Si tel est le cas, je vous le déconseille fortement. En effet, il y a des dissipateurs thermiques sous le clavier. Si vous fermez l'ibook, la chaleur continuera de se dissiper par la, et va aller directement chauffer l'écran....pas terrible quand meme.

Alex


----------



## bobbynountchak (16 Décembre 2004)

t'as deviné juste, alex, nosleep sert a ca...
 je suis au courant pour les histoires de dissipation de chaleur, mais pour l'utilisation que je voulais en faire, ca ne posait pas de problemes : juste pouvoir fermer le capot pendant les operations de maintenance un peu longues, du genre avec disk warrior...
 comme ca je peux lacher ma machine des yeux sans craindre que le chat de ma copine vienne crapahuter sur le clavier... c'est qu'il est lourd, le bougre, et il adore mon ibook! je vais essayer de trouver des boulettes empoisonnees pas cher...)
 cependant, je pense comme toi qu'une utilisation trop longue et intensive capot ferme comporte des risques, c'est sur...


----------



## drs (16 Décembre 2004)

bah attache ton chat durant les opérations de maintenance. 

Attention toutefois car DiskWarrior et autres TechToolPro font appel au disque plus que dans une utilisation bureautique standard.
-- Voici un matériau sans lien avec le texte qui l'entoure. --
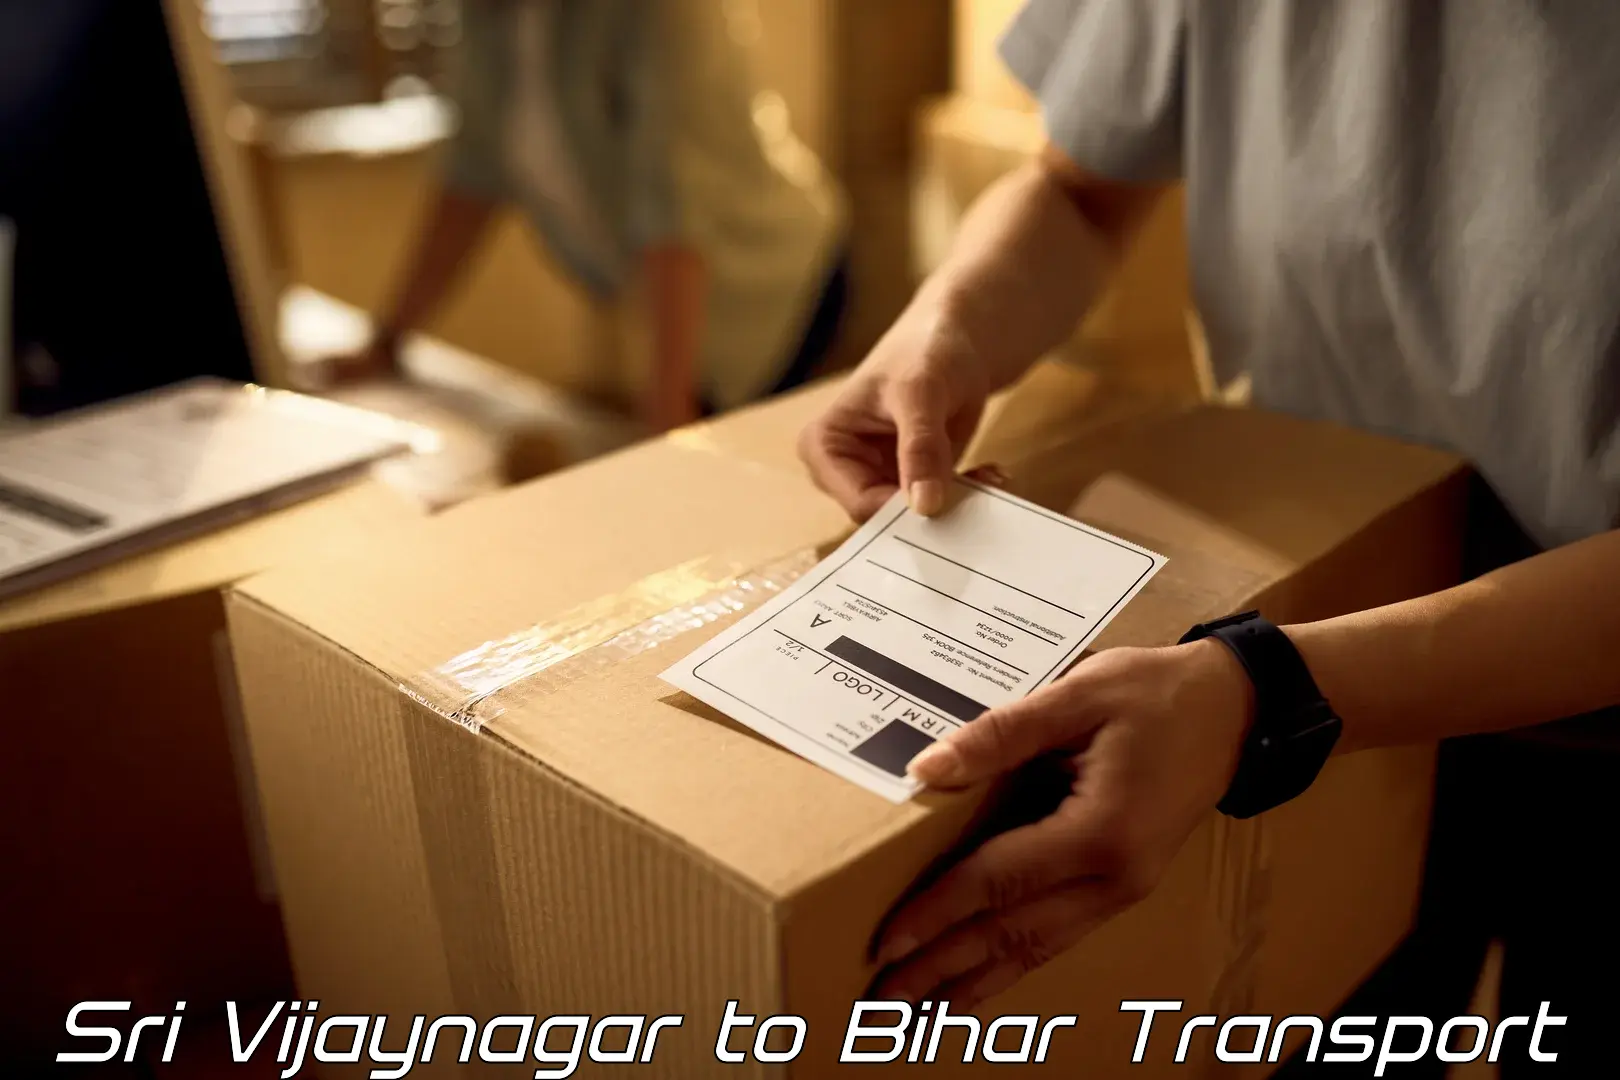 Transport in sharing Sri Vijaynagar to Baisi

Donc chauffe assurée 

Alex


----------



## bobbynountchak (16 Décembre 2004)

la dessus t'as raison, mais je pense pas que ca coure un risque vu le temps que ca prend...
par contre pour le chat, j'ai essaye je peux pas, c'est celui de ma copine, pas le droit d'y toucher  
c'est pour ca que les boulettes empoisonnees... si quelqu'un a une adresse...


----------



## bobbynountchak (17 Décembre 2004)

ceci dit, je ne sais toujours pas comment virer cette merde de mon mac, moi...


----------